> **The problem**:
Without the pictures, reproduce the entries below exactly.

> **Supplied information**:

━━━━

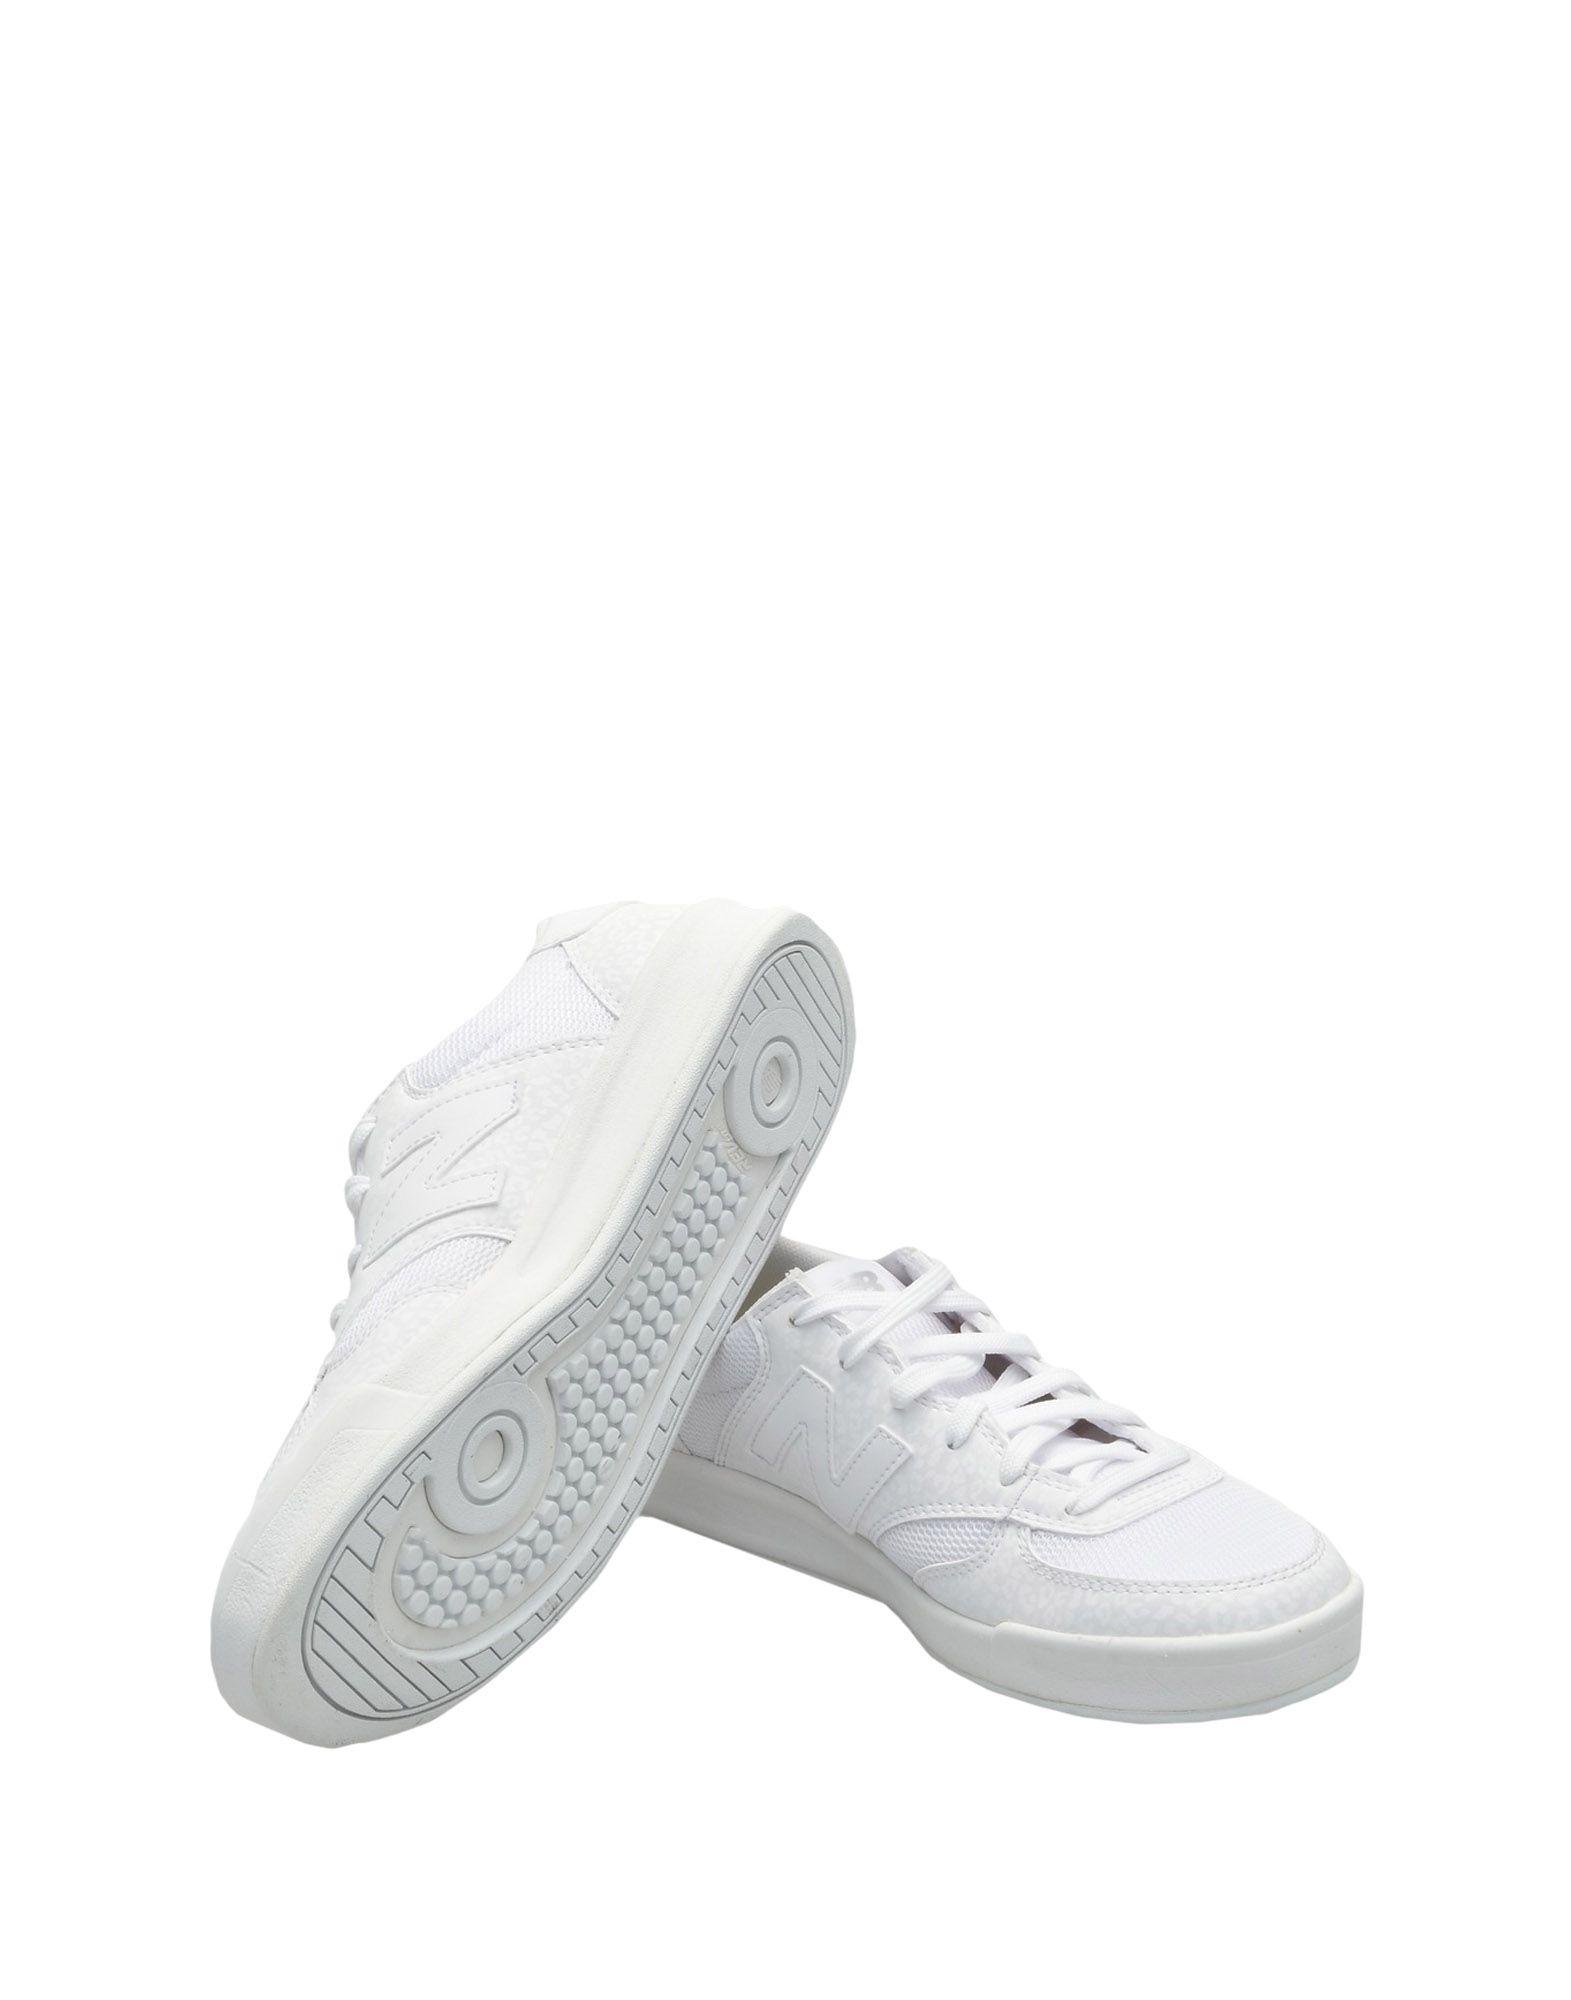 New Balance 300 11496722MO White Reflective Pack  11496722MO 300 Gute Qualität beliebte Schuhe 53cf96
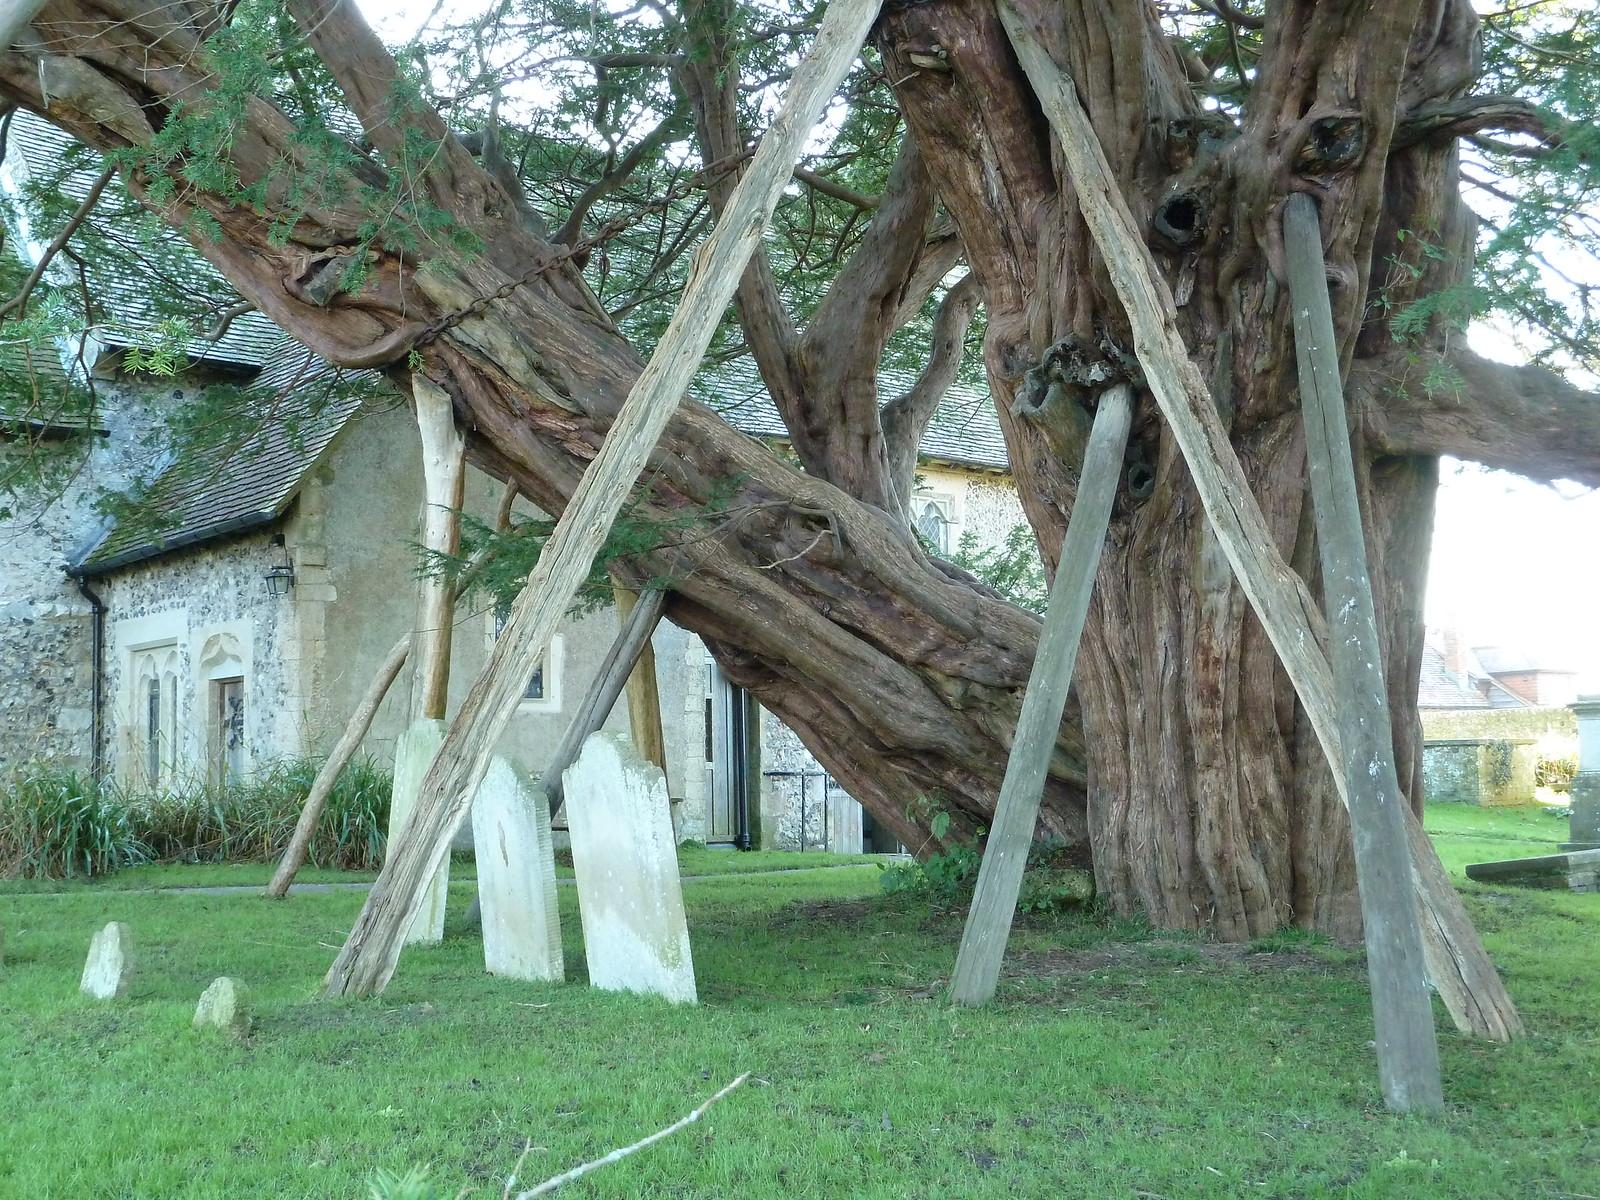 Ancient Yew (Berwick to Birling Gap) Ancient Yew Tree, Wilmington church
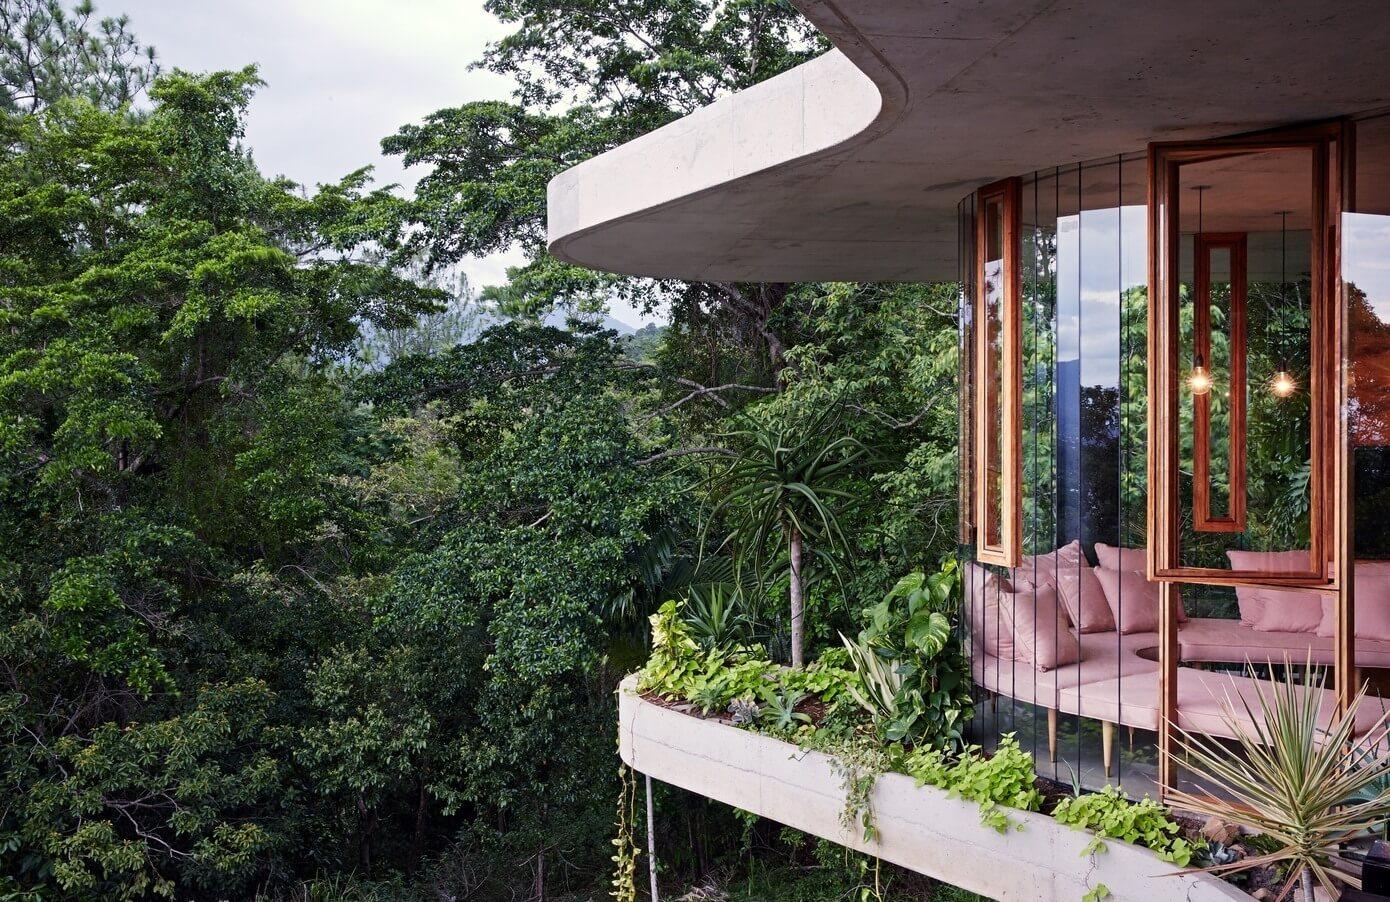 planchonella-house-jesse-bennett-architect-25
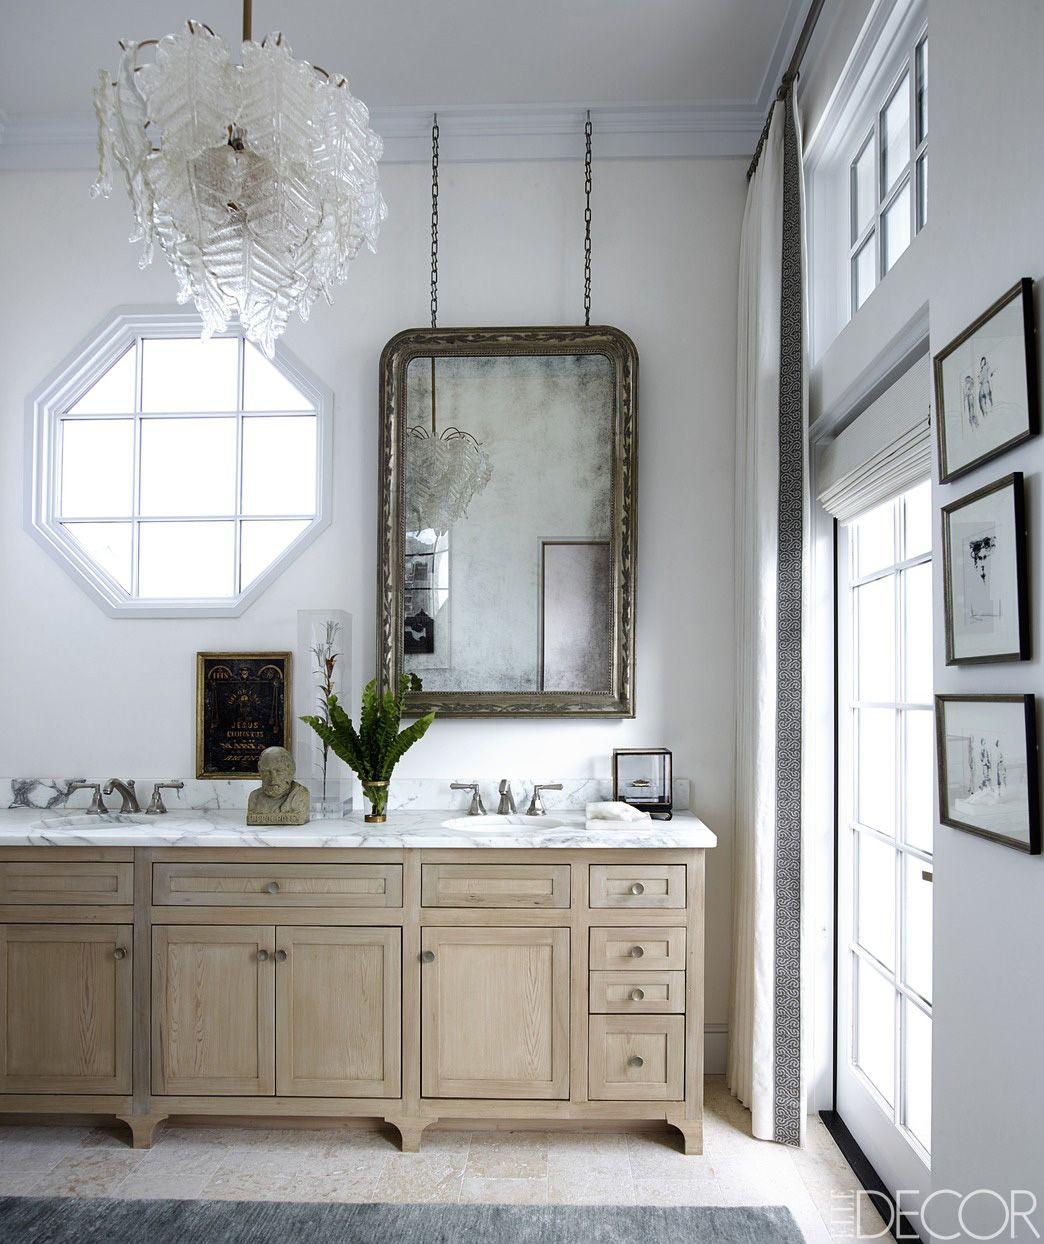 Pin On Amazing Bathrooms
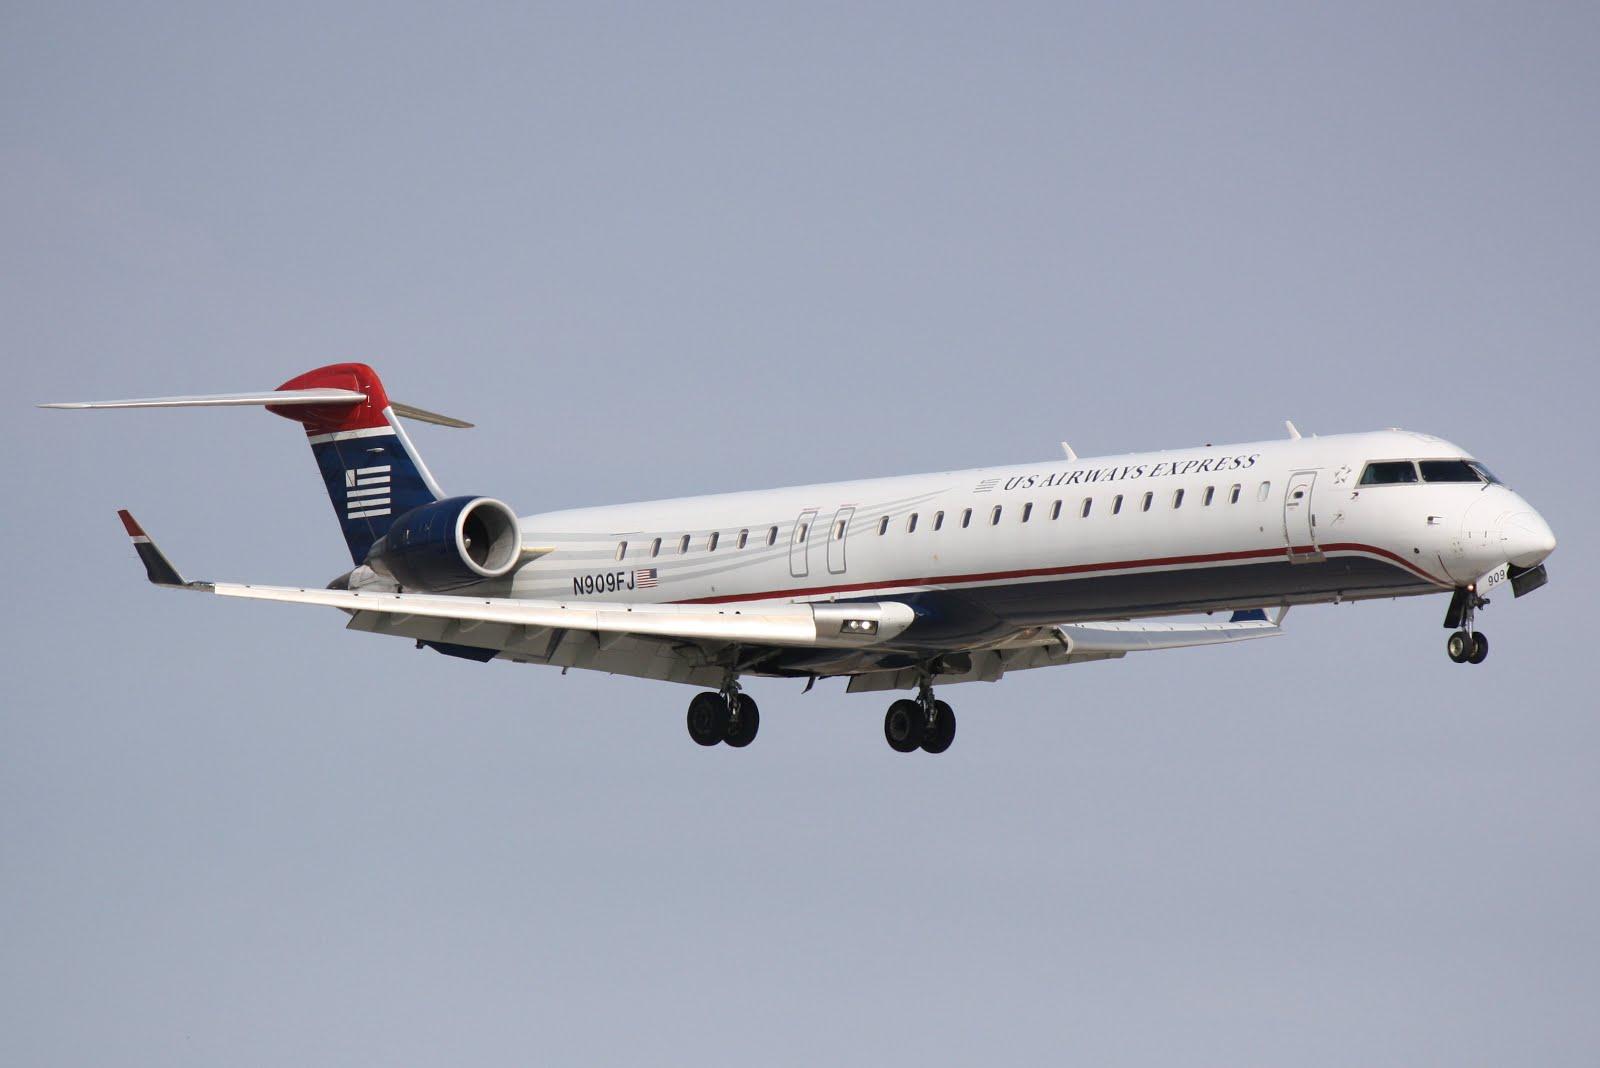 Canadair Regional Jet 900

━━━━

> **Solution to this problem**:
 New Balance 300 11496722MO White Reflective Pack  11496722MO 300 Gute Qualität beliebte Schuhe 53cf96
 Ancient Yew (Berwick to Birling Gap) Ancient Yew Tree, Wilmington church
 planchonella-house-jesse-bennett-architect-25
 Pin On Amazing Bathrooms
 Canadair Regional Jet 900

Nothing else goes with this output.